● Work request: Copy the listing exactly as given. Omit every picture.

● Data excerpt:
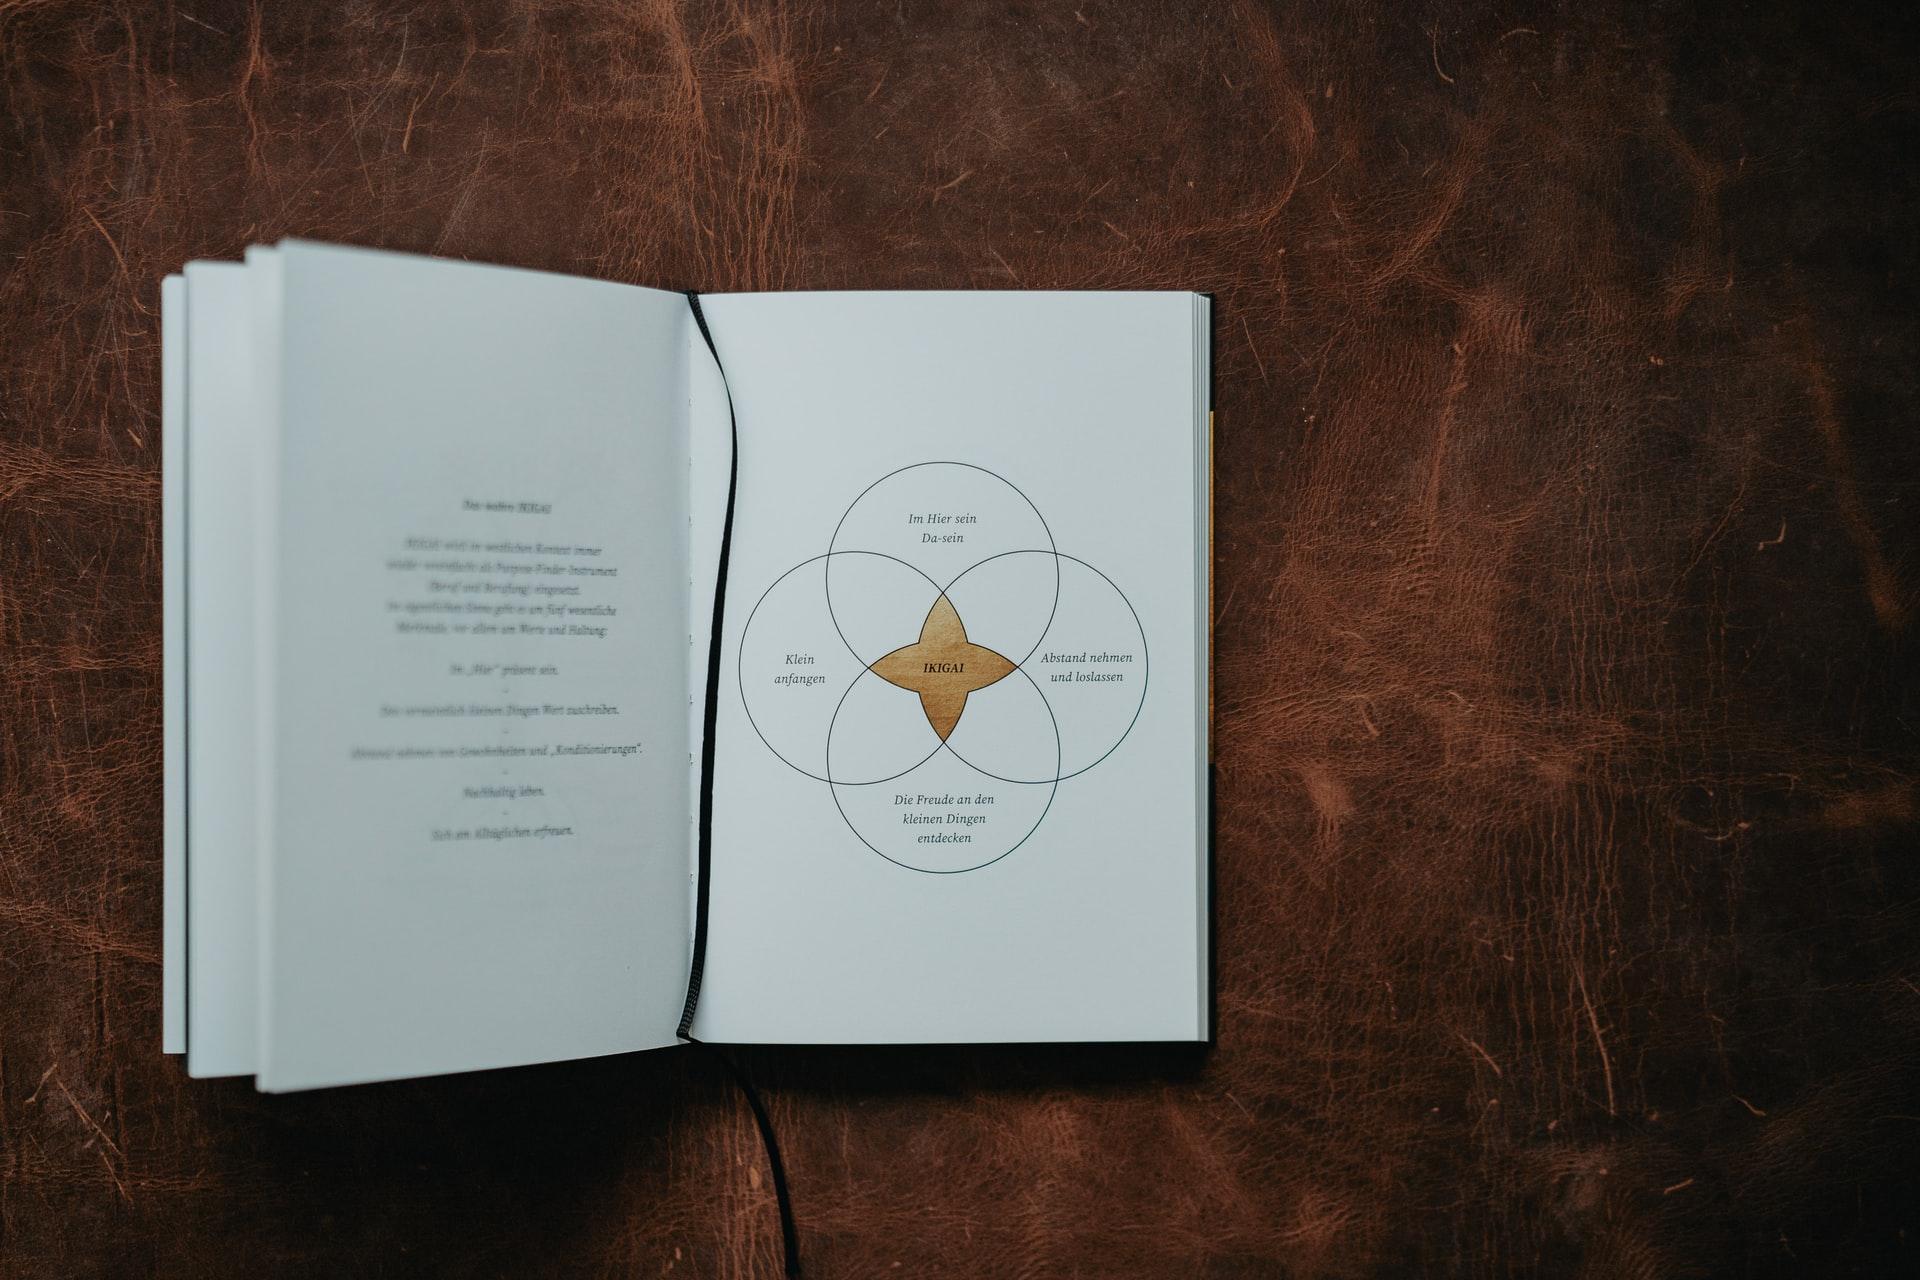 Les cercles de l'ikigaï pour retrouver le sens de la vie
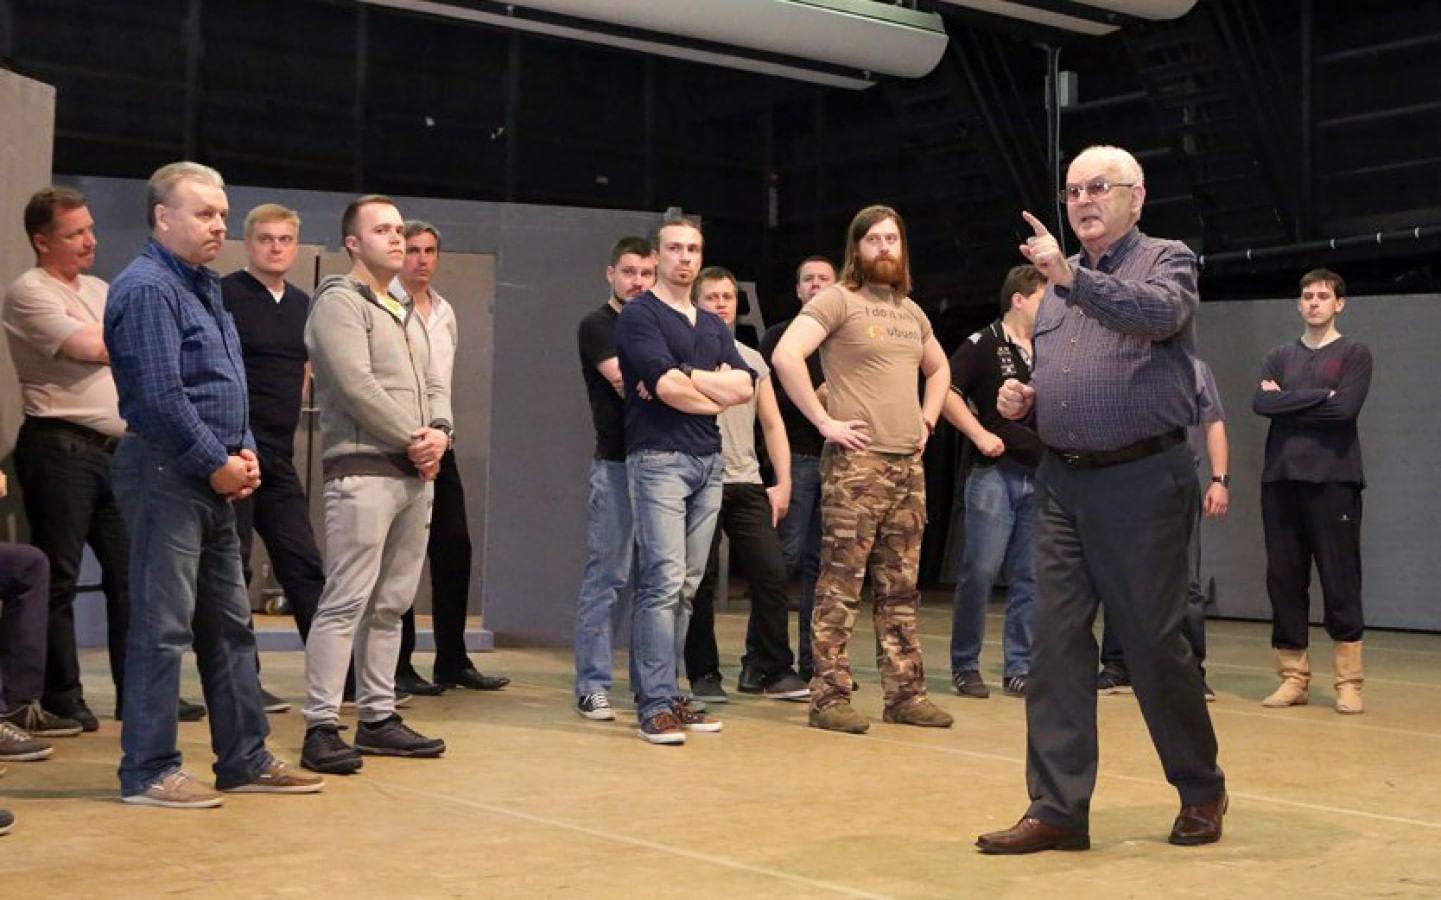 Репетиция оперы «Кармен» в Большом театре. Дамир Юсупов / Большой театр
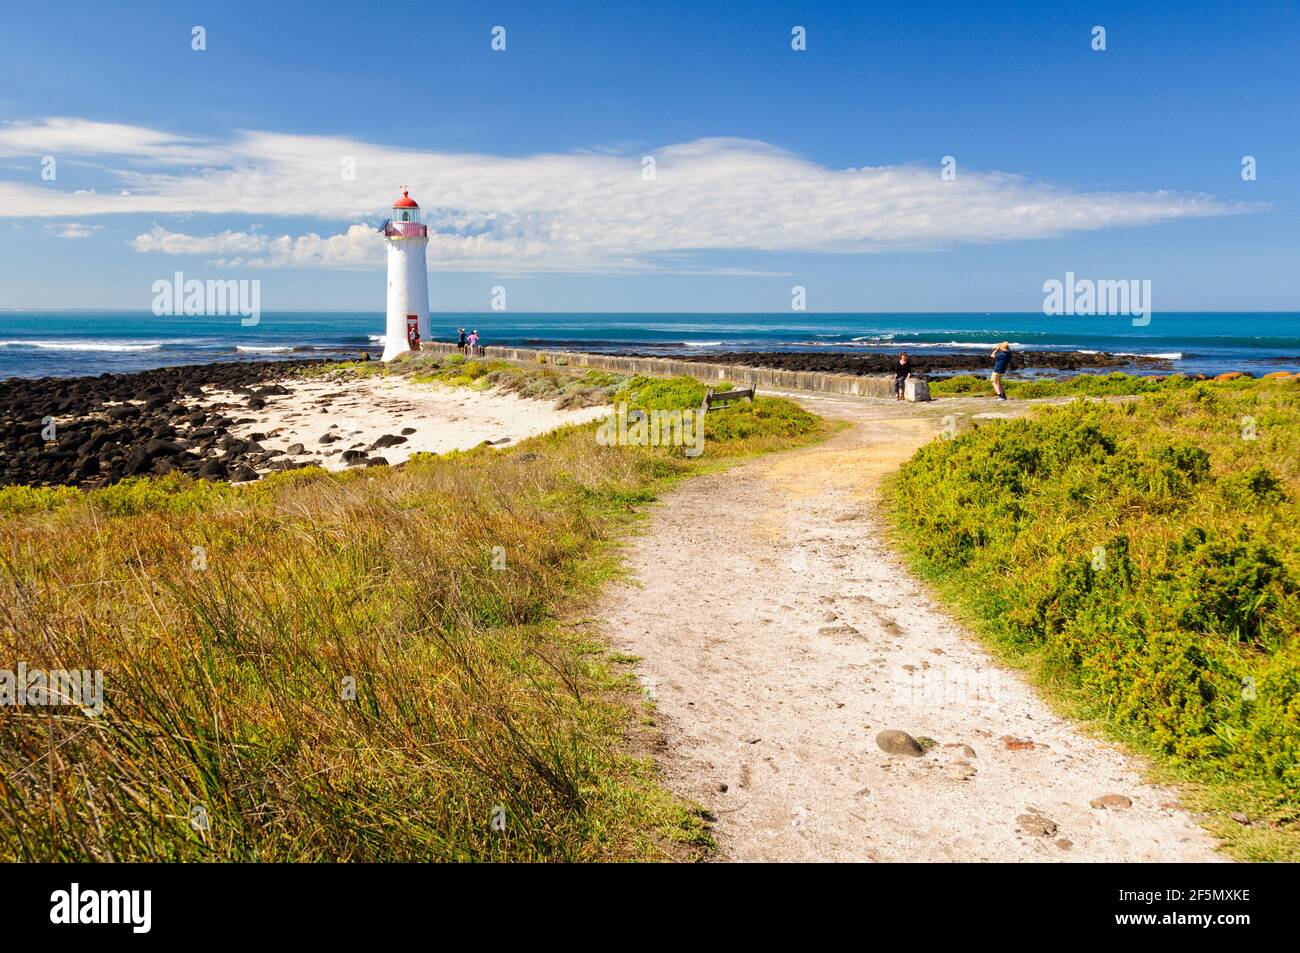 Este faro en la isla Griffiths fue construido en 1859 y es uno de los principales atractivos turísticos de la zona - Port Fairy, Victoria, Australia Foto de stock
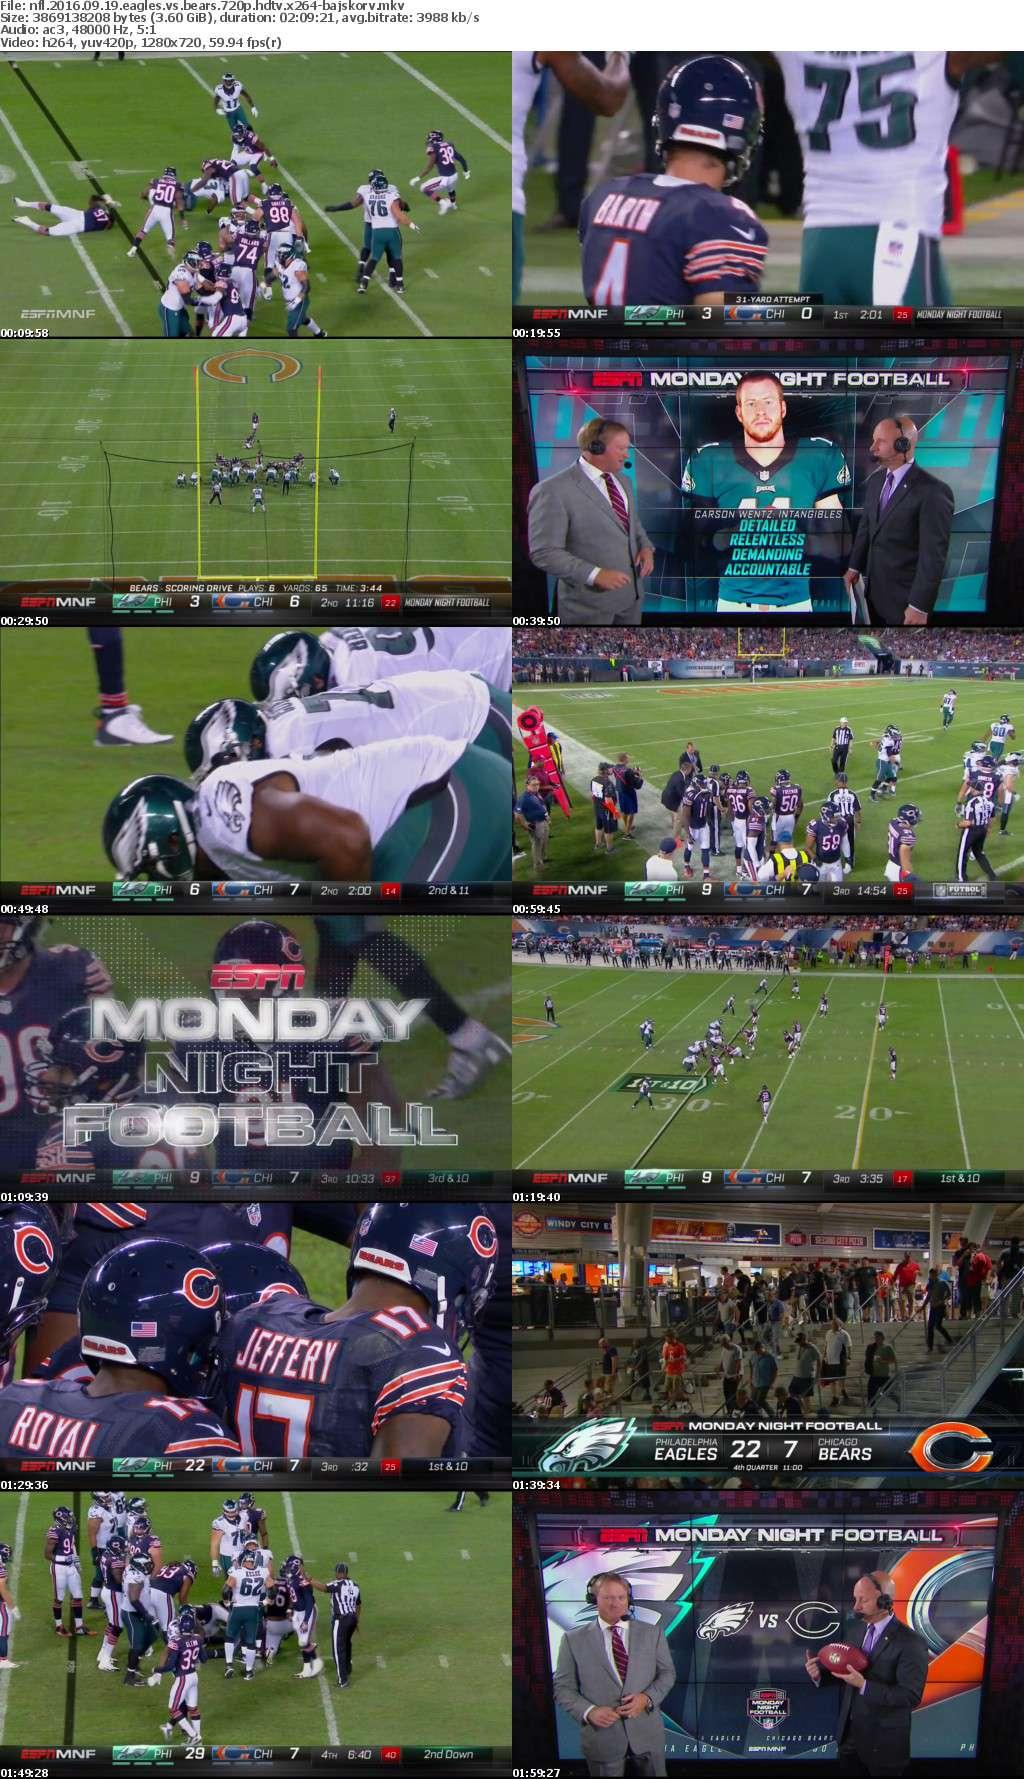 NFL 2016 09 19 Eagles vs Bears 720p HDTV x264-BAJSKORV

● Solution:
 Les cercles de l'ikigaï pour retrouver le sens de la vie
 Репетиция оперы «Кармен» в Большом театре. Дамир Юсупов / Большой театр
 Este faro en la isla Griffiths fue construido en 1859 y es uno de los principales atractivos turísticos de la zona - Port Fairy, Victoria, Australia Foto de stock
 NFL 2016 09 19 Eagles vs Bears 720p HDTV x264-BAJSKORV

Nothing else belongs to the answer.